En la costa este, donde las olas rompen con el mismo ritmo desde hace siglos, hay un rincón de playa que solo conocen los que madrugan. No figura en los mapas ni en las postales, y sin embargo es allí donde cada mañana aparecen ellas: cuatro chicas chinas con sus trajes tradicionales de trabajo.

Llegan juntas, pero no hablan mucho. Cada una carga lo suyo: redes, canastas, ganchos de bambú, cuerdas, un pequeño banco de madera. Visten pantalones anchos atados con cintas en los tobillos, blusas de algodón grueso, delantales oscuros salpicados de sal. Y sobre sus cabezas, los mismos sombreros cónicos, cubiertos con telas de flores brillantes, que les caen sobre la espalda como pétalos vencidos por el viento.

Se llaman Yulan, Meimei, Aiqin y Sufen. Tienen entre veinte y treinta y tres años, pero sus cuerpos ya conocen el esfuerzo, y sus manos no saben de adornos.
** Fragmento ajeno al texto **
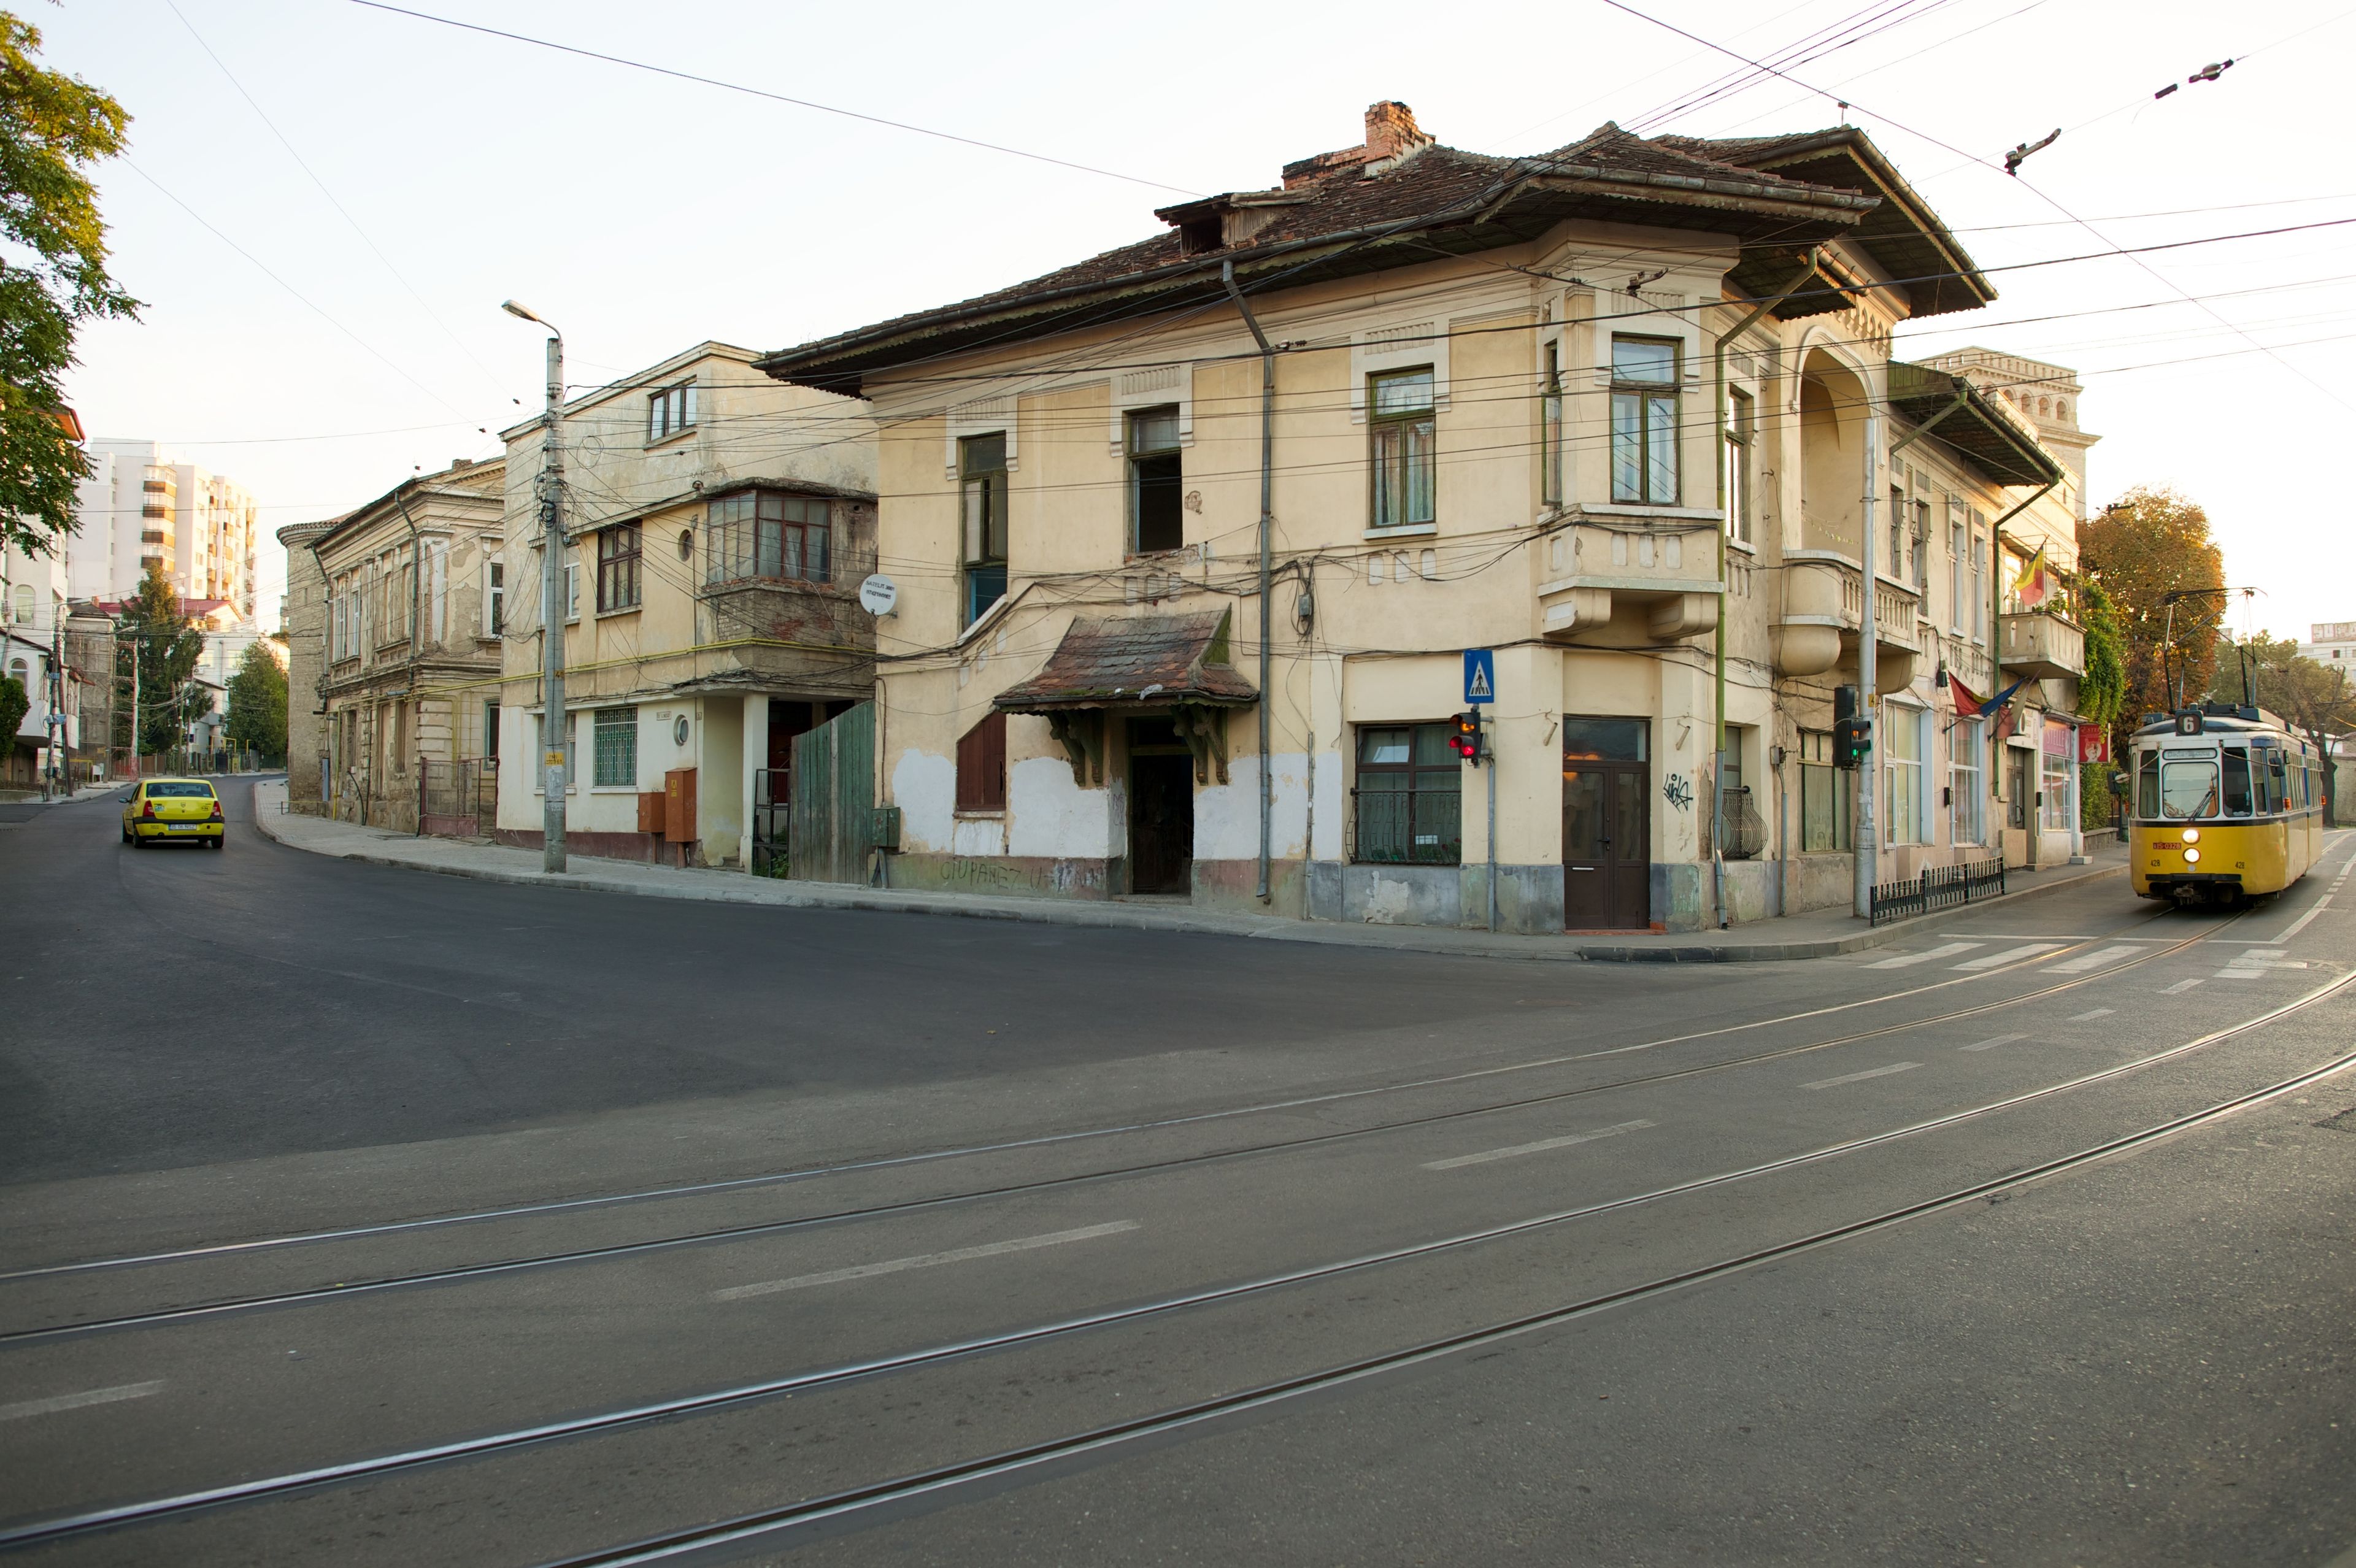 A row of buildings and a yellow and white train on a street in Romania.

Yulan es la mayor. Tiene la mirada seria y la voz firme. Dirige el trabajo sin imponerse, porque las otras la siguen como se sigue a la marea: con naturalidad.

Meimei es la que ríe más. Mientras lanza la red, canta pedazos de canciones viejas, esas que se escuchaban en la radio del mercado cuando aún era niña.

Aiqin es silenciosa. Sus movimientos son exactos, casi ceremoniales. Amarra las redes como si escribiera poemas con los dedos.

Sufen, la más pequeña, aún se cansa fácilmente, pero no lo dice. Mira a las otras con una mezcla de admiración y terquedad.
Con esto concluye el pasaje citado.